債券市場は、利下げへの期待感が高まる中で上昇しました。米国では10年債利回りが4.40%、2年債利回りが3.90%に低下し、年内のFRBによる利下げ観測が強まりました。英国でも、BOE(イングランド銀行)の当局者が慎重な政策変更姿勢を示唆し、国債利回りが下落しました。ドイツでは予想を下回るインフレにより、国債利回りが低下し、ECBの6月利下げ期待が強まりました。
一方、商品市場はまちまちの動きとなりました。原油価格はやや下落し、ブレントは1バレル65.23ドル、WTIは61.95ドルで終了。OPEC+が生産制限を緩和するとの噂が影響しました。金はオンスあたり3,287ドルに上昇し、インフレ鈍化と米ドル安の影響で、安全資産への関心が高まりました。
セクター別パフォーマンスの最新情報
米国市場では、リスク志向とディフェンシブな動きが入り混じる展開でした。最も大きな上昇を見せたのは情報技術および通信サービスセクターで、+1.82%を記録。AI関連銘柄やデジタルインフラ関連への資金流入が続き、イノベーションや大手テックの収益勢いに対する期待が背景にありました。次いでヘルスケアが+1.31%上昇。経済の不透明感が続く中で、安定したキャッシュフローを生む企業に対する需要が見られました。
セクター別パフォーマンス

出典:FE Analytics。すべての指数は米ドル建てのトータルリターンです。過去の実績は将来の成果を保証するものではありません。データは2025年5月30日時点。
金融および一般消費財セクターも共に+1%程度上昇し、インフレ鈍化と景気後退懸念の後退が循環型セクターを支えた模様です。ディフェンシブセクターである生活必需品も+0.82%上昇しており、投資家が依然としてリスクヘッジ姿勢を取っていることを示しています。公益事業は+0.20%の小幅上昇にとどまり、月初の利回り上昇に敏感に反応したと考えられます。唯一下落したのはエネルギーセクターで–0.39%、原油価格の不安定さやOPEC+の会合をめぐる不確実性が警戒感を強めました。全体として、市場は安定した収益と強固なファンダメンタルズを持つ「質の高い」銘柄を好みつつ、引き続きテック主導の動きに参加している様子です。
地域別市場の最新情報
地域別では、北米が最も好調でした。MSCI North America指数は+1.84%上昇し、テックセクターの強さとインフレ改善への期待が相まって上昇しました。日本も堅調で、MSCI Japanは+0.80%の上昇。円安と日銀の慎重な政策スタンスが株式市場を支えました。英国では、MSCI United Kingdom指数は+0.09%とほぼ横ばい。経済指標がまちまちで大きな動きは見られませんでした。

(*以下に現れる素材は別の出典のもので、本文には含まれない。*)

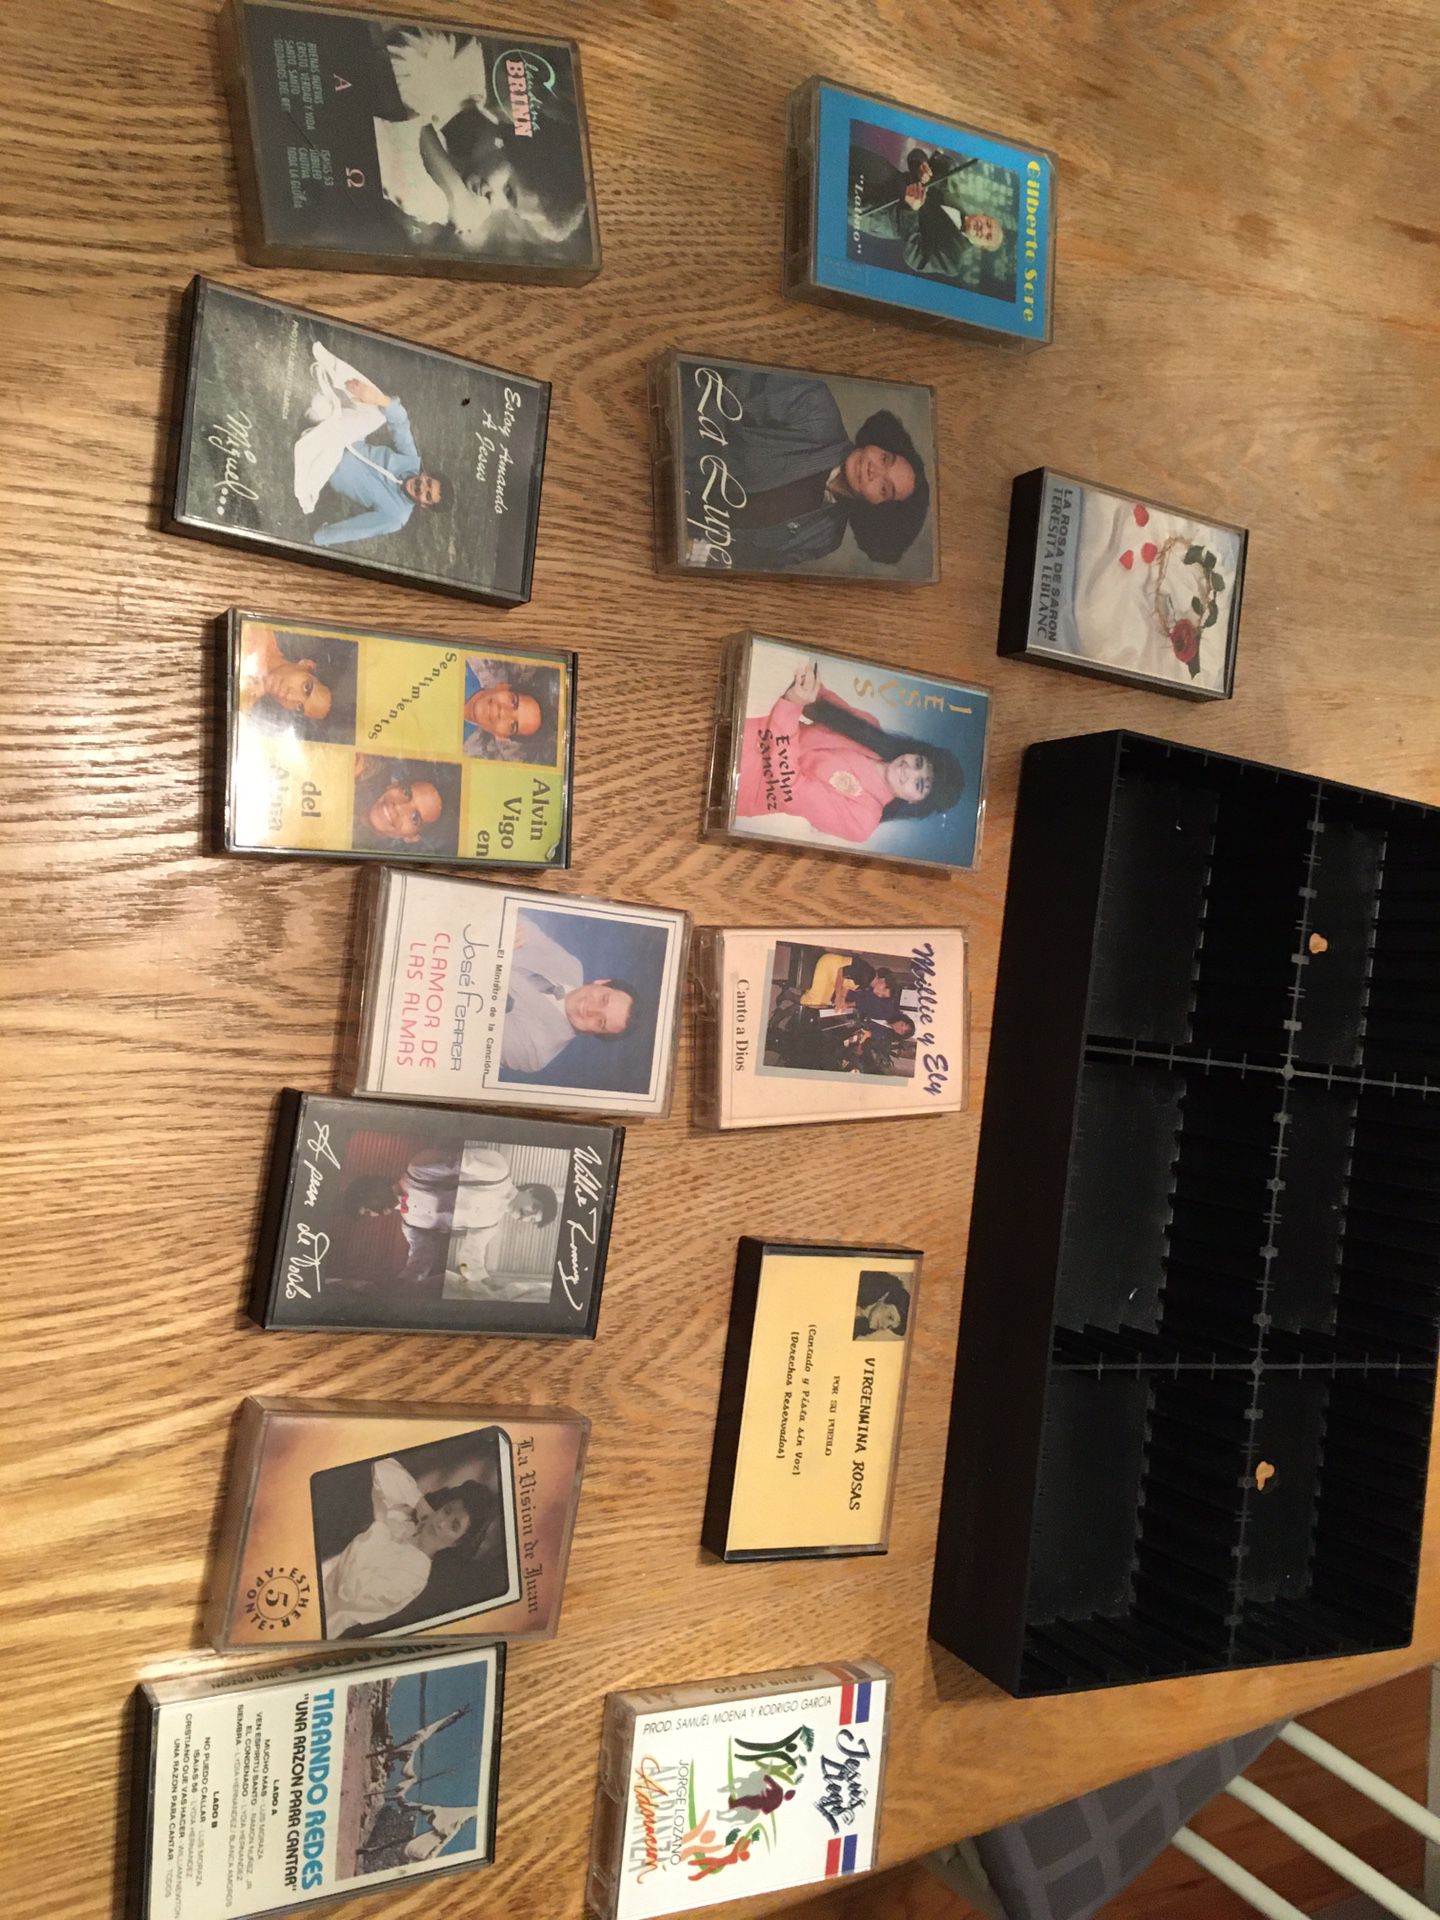 Collection of Spanish music tapes and organizer

欧州はやや軟調で、MSCI Europe指数は–0.55%下落。インフレ鈍化がECBの利下げ期待を高めたものの、全体的な市場心理を押し上げるには不十分でした。中国は最も低調で、MSCI China指数は–1.24%下落。弱い経済データと新たな刺激策の欠如が投資家心理を圧迫し続けました。
地域別パフォーマンス

出典:FE Analytics。すべての指数は米ドル建てのトータルリターンです。過去の実績は将来の成果を保証するものではありません。データは2025年5月30日時点。
為替市場の動き
今週の為替市場は比較的安定しており、中央銀行の見通しの違いやインフレ指標の強弱に応じて限定的な動きとなりました。

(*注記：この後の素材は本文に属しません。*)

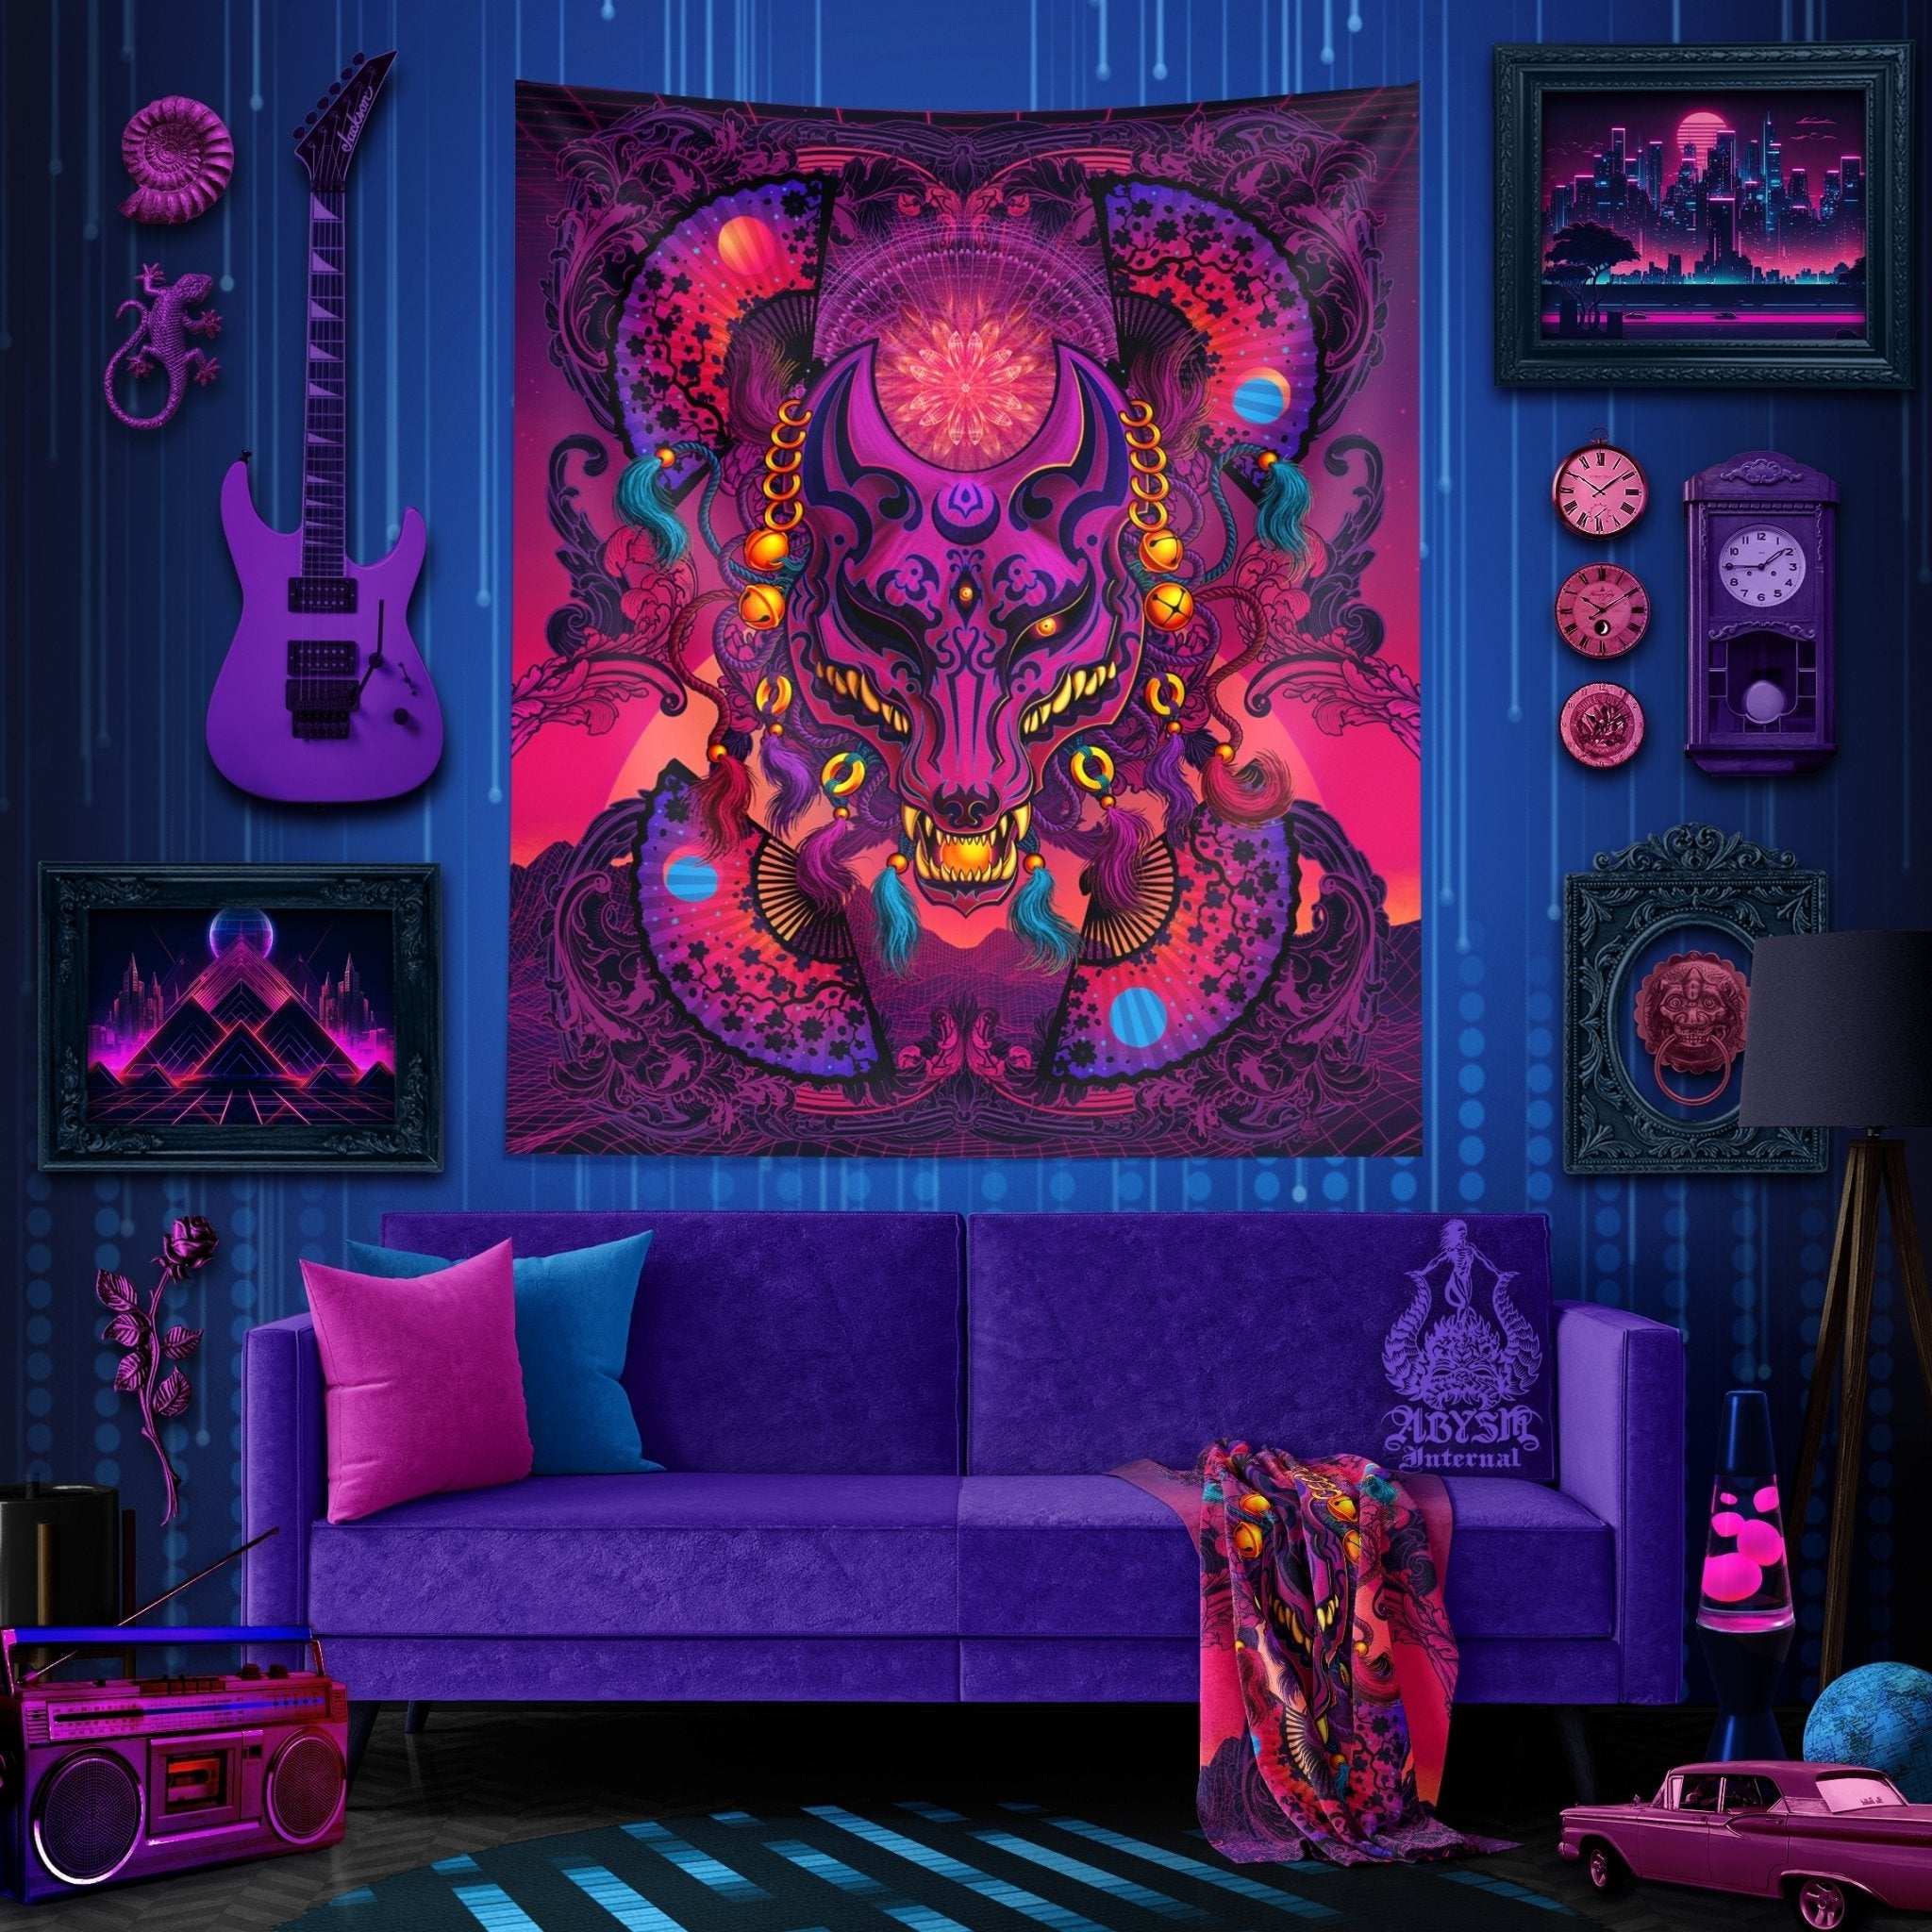 Japanese Vaporwave Tapestry, Synthwave Wall Hanging, Retrowave 80s Home Decor, Anime and Gamer Gift, Psychedelic Art Print, Eclectic and Funky - Kitsune - Abysm Internal

EUR/USDは、5月26日の1.0853から始まり、5月30日には1.0820で終了。週次で–0.30%の下落となりました。ドイツとスペインのインフレデータが予想を下回り、6月のECB利下げ観測が高まったことでユーロが下落しました。
USD/JPYは156.55から157.30へ上昇し、週次で+0.48%。東京CPIが予想を上回ったにもかかわらず、日銀が積極的な引き締めに踏み切るとの観測は低く、円安が進みました。
GBP/USDは1.2735から1.2740へわずかに上昇し、+0.04%。BOEがデータ次第の政策を繰り返し強調し、サプライズはありませんでした。
GBP/JPYは199.40から200.20に上昇し、+0.40%。ポンドのわずかな強さと円の軟調さが組み合わさった結果です。
全体として、為替市場は中央銀行の政策の違い、インフレデータ、地政学的リスクの影響を受けながら、様子見の姿勢が継続しています。
市場見通しと来週の注目点
先週の経済データは市場の不安感をやや和らげました。米国では、FRBが重視するインフレ指標が再び鈍化し、コアインフレは2.8%に。これは追加利上げの必要性が低いことを示唆します。同時に、消費支出の伸びはやや鈍化しましたが、所得は引き続き増加しており、米国民が慎重になっている兆しが見られます。新規失業保険申請件数は低水準を維持し、消費者信頼感もわずかに上昇、経済の健全性を裏付けました。欧州では、ドイツとスペインのインフレが予想以上に鈍化し、6月初旬のECB利下げへの期待が一段と高まりました。一方、日本では東京のインフレが予想を上回りましたが、日銀は依然として政策引き締めを急がない姿勢を示しました。
今後の市場の動きを左右する重要イベントとして、金曜日の米雇用統計が注目されます。強い結果が出れば利下げは遅れる可能性があり、弱ければ早まる可能性があります。週前半には、米企業活動を示すISM製造業・サービス業指標にも注目が集まります。欧州では6月6日のECB理事会が控えており、利下げが濃厚と見られています。カナダ中銀も今週会合を開き、経済指標の反応によっては市場を驚かせるかもしれません。最後に、週末のOPEC+会合の結果を受けて、週初の原油市場は変動が予想されます。インフレ鈍化と安定的な成長は好材料ですが、地政学的緊張や夏場の相場の特性から、今後も変動性には注意が必要です。とはいえ、現在の市場のムードは引き続き慎重ながらも楽観的な姿勢が保たれています。